Copy verbatim the span of lines beginning at the line that contains "Villa Bassaraba, Rte D1005" and ending with the final line of the data. Exclude pictures from the copy.

• **Stored data**
#####

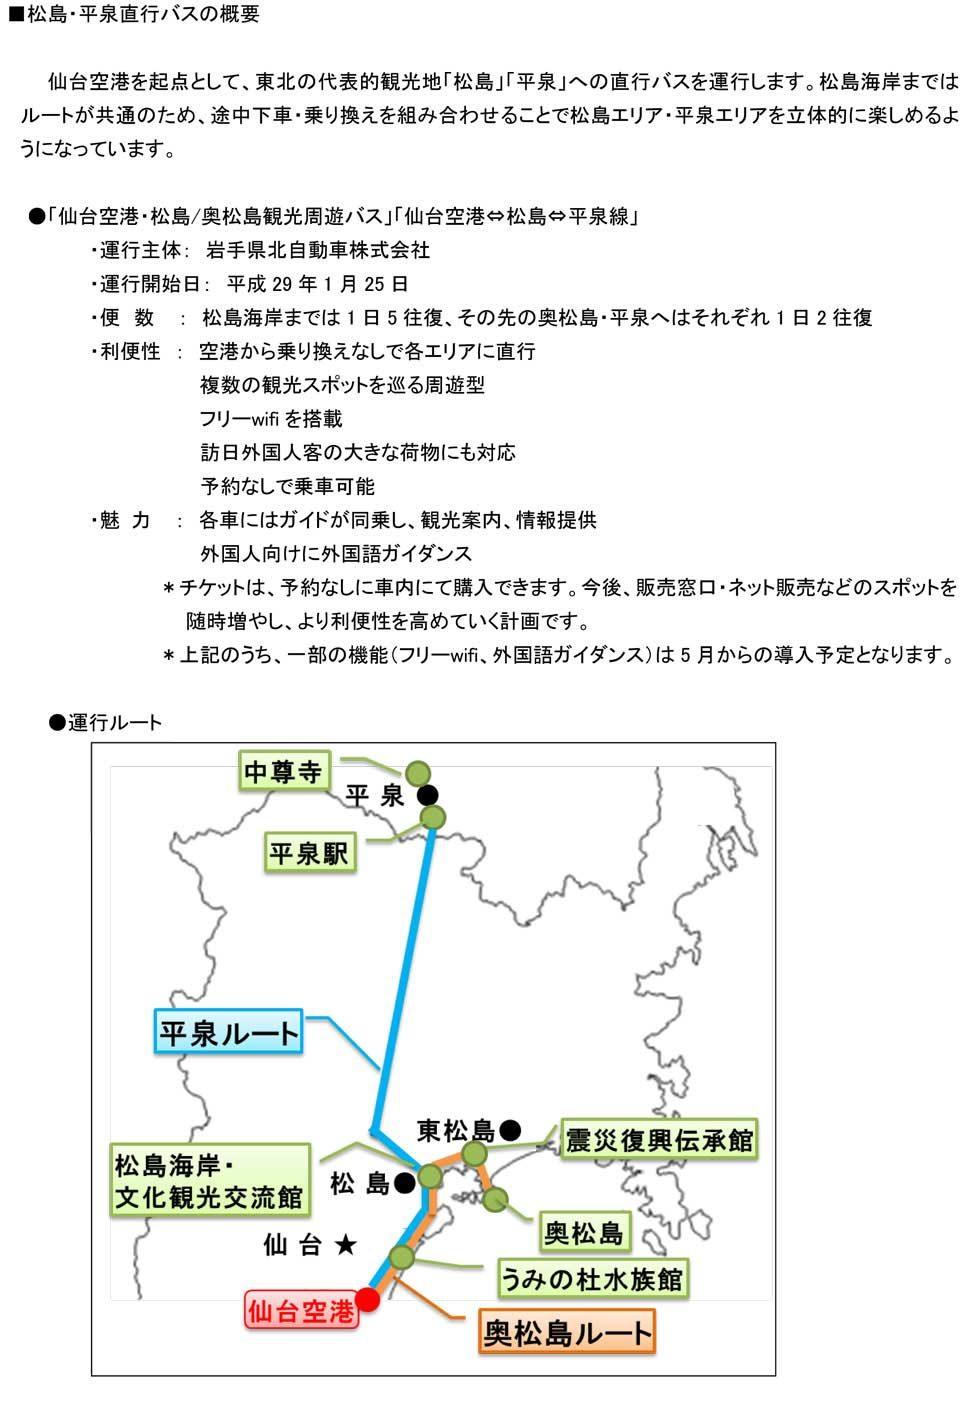 20170126hiraizumibusosusume1
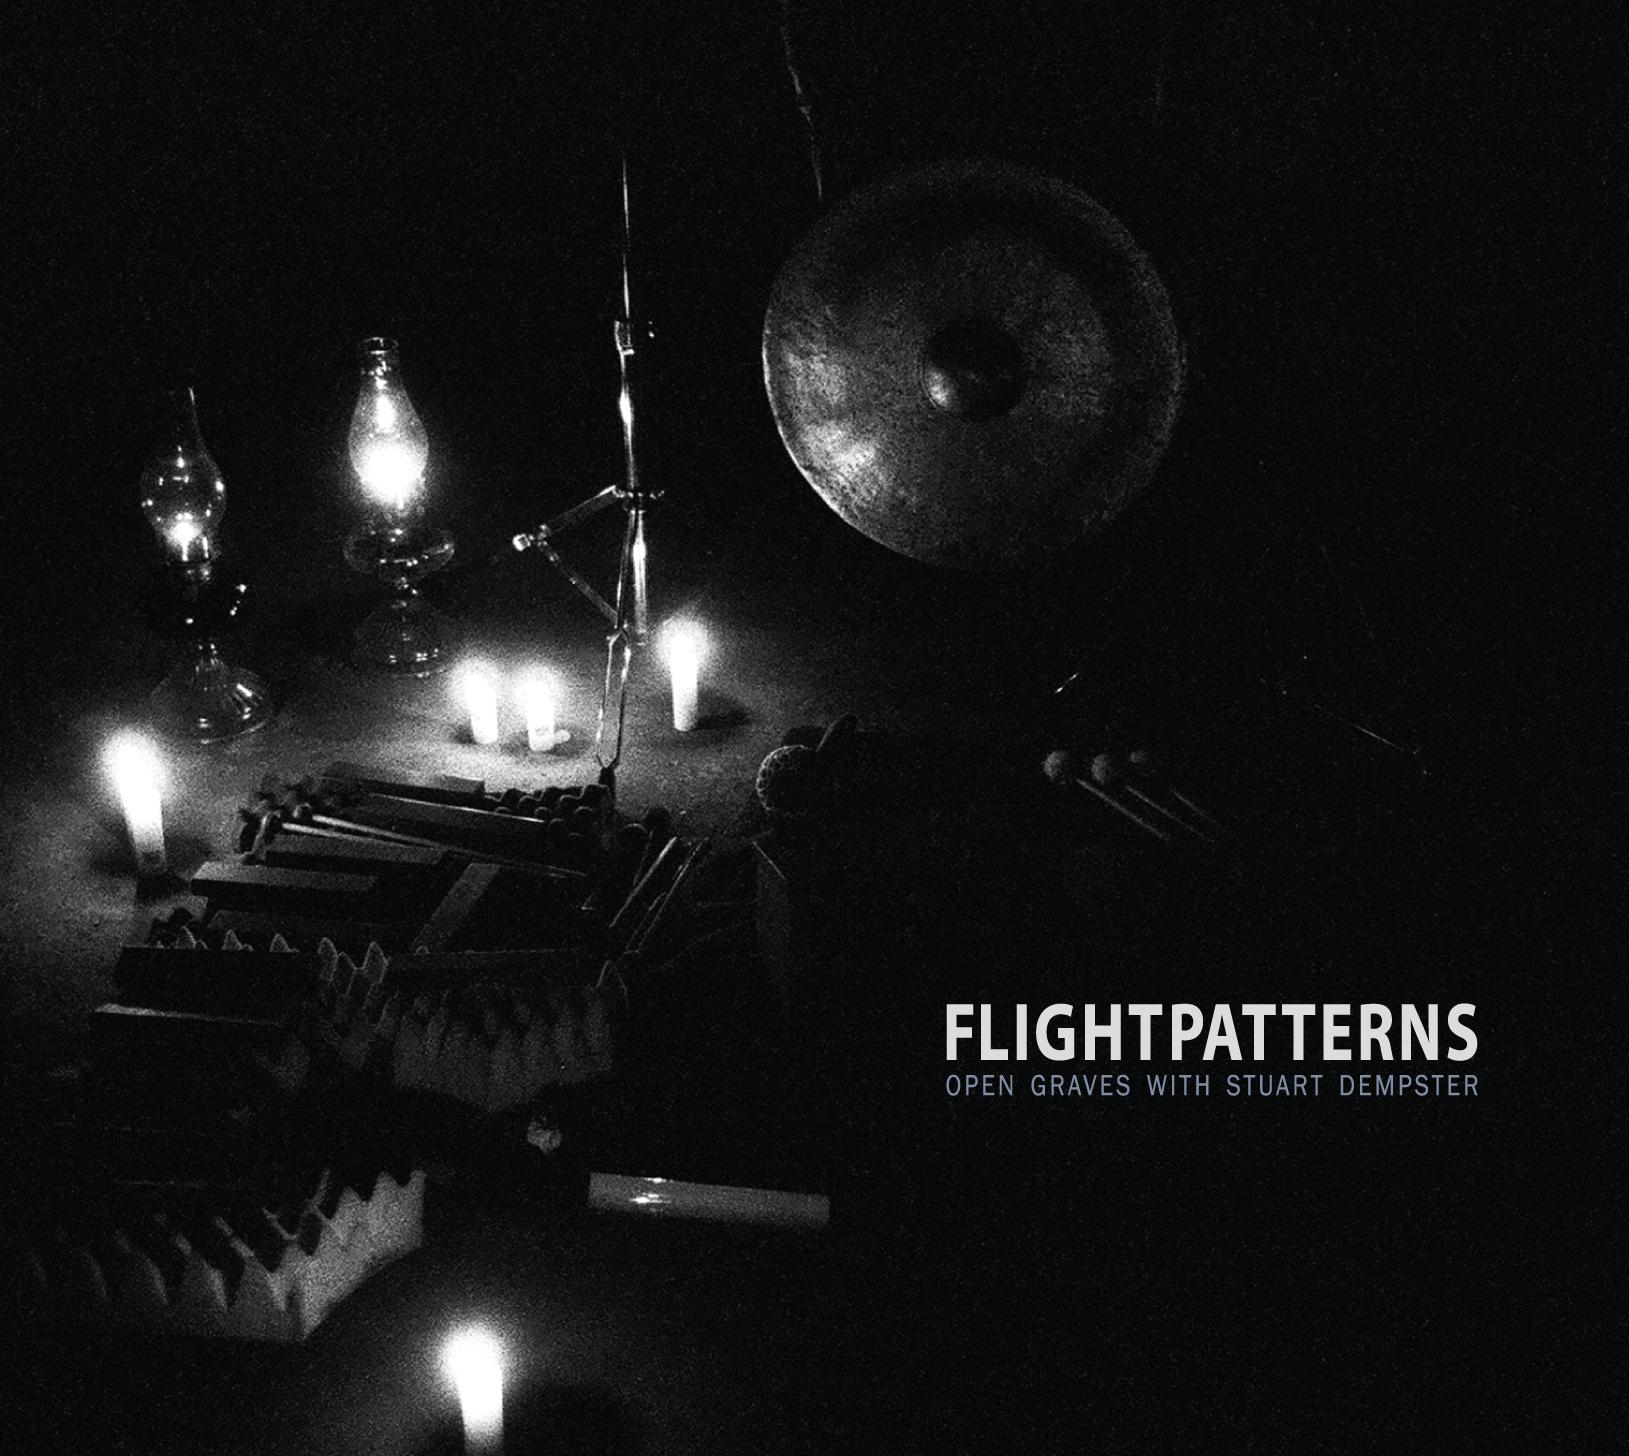 flightpatterns.png
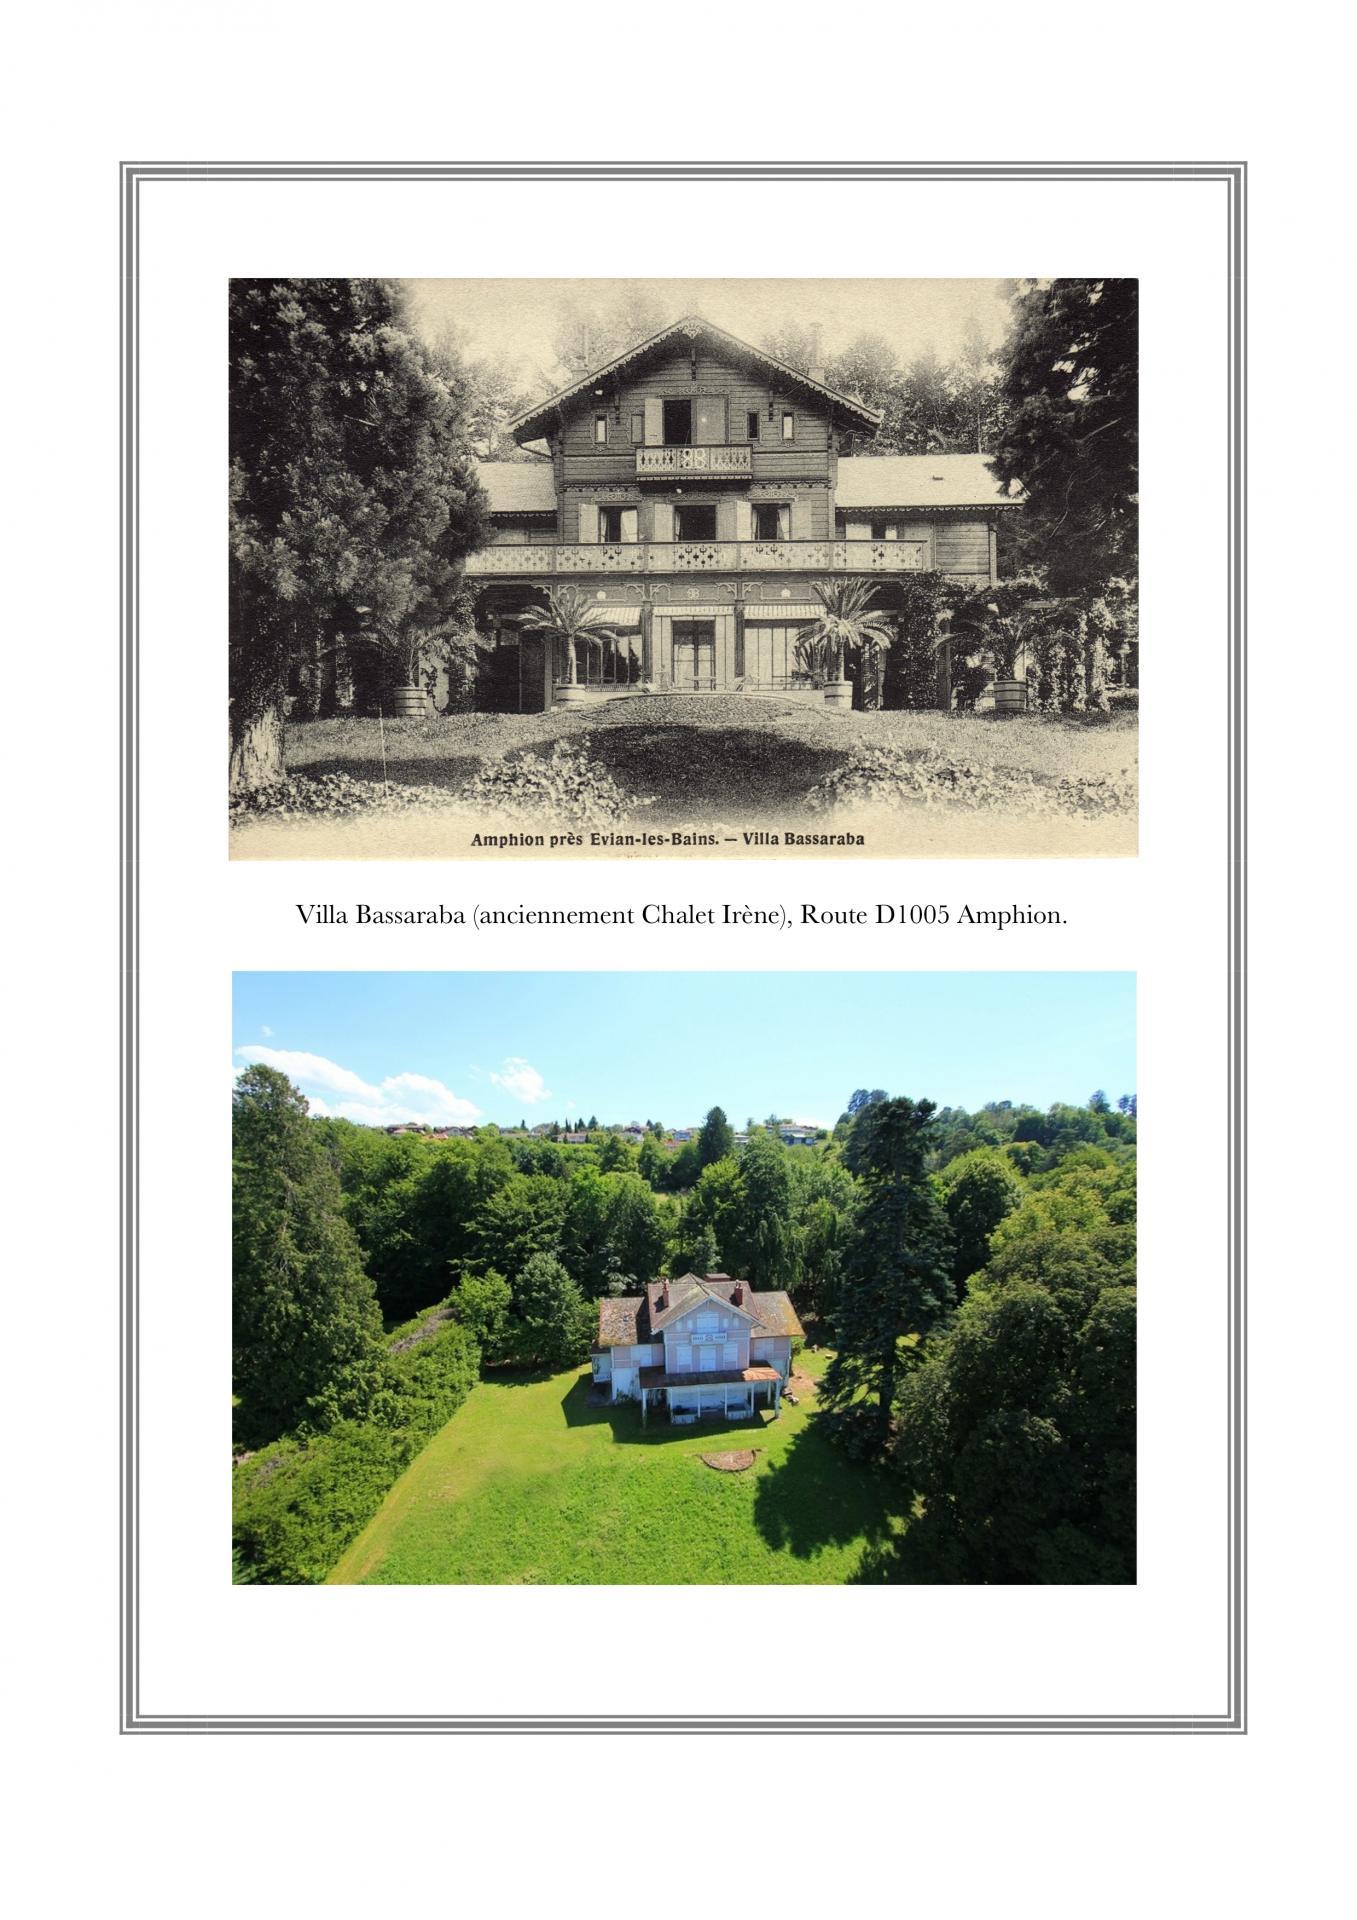 Villa Bassaraba, Rte D1005
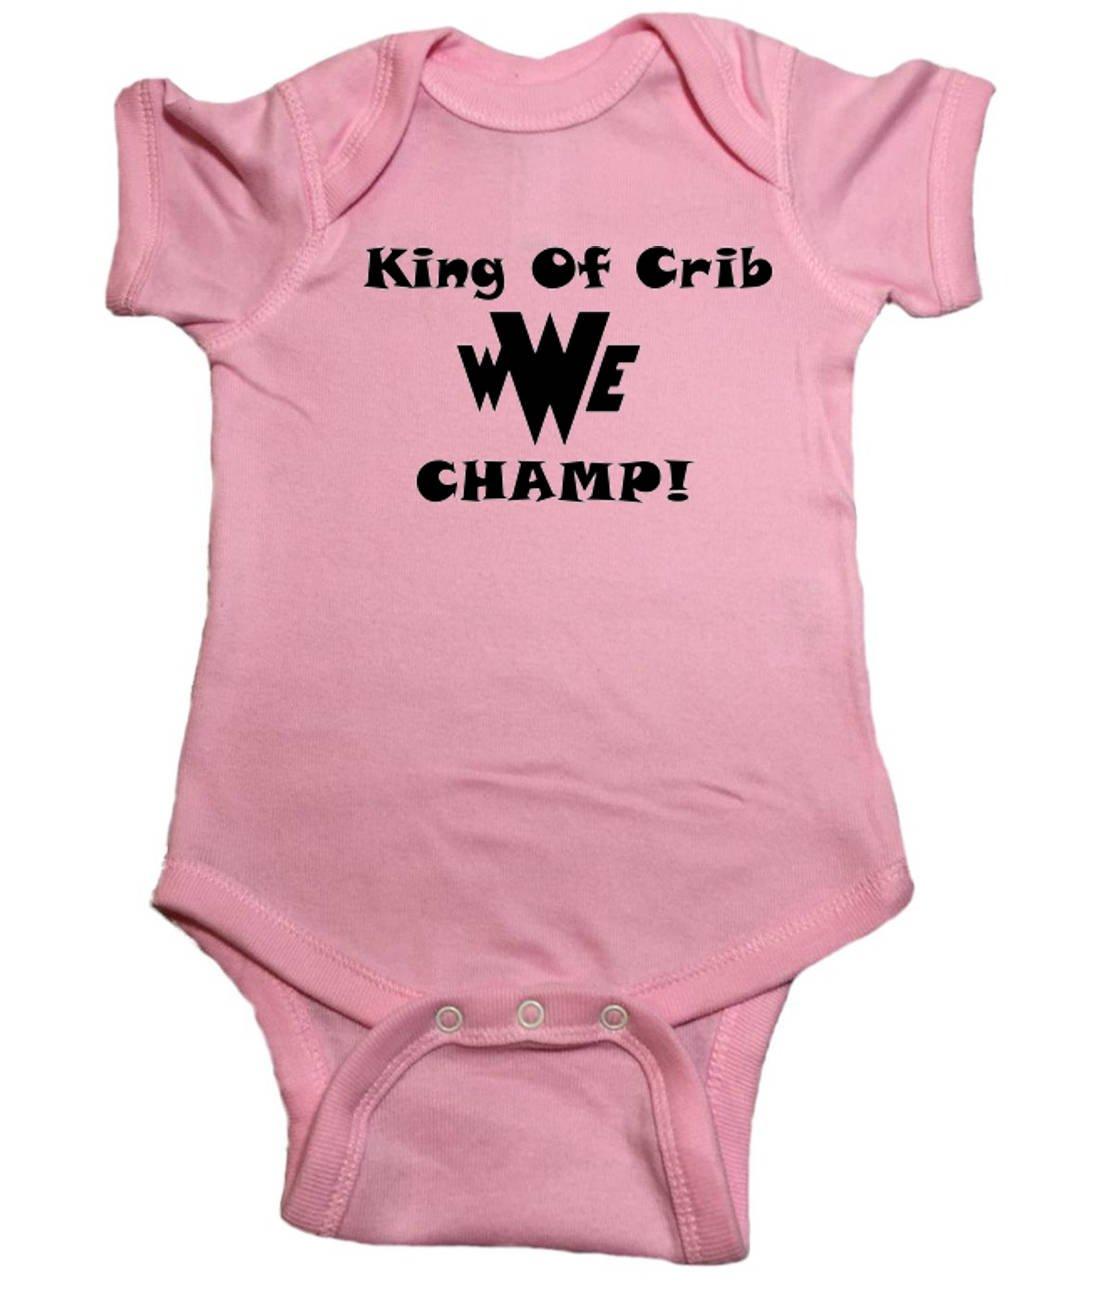 WWE Wrestling King of Crib Champ Bodysuit (24 Months) by QLShops

#####

• **Task response**
 Villa Bassaraba, Rte D1005
 WWE Wrestling King of Crib Champ Bodysuit (24 Months) by QLShops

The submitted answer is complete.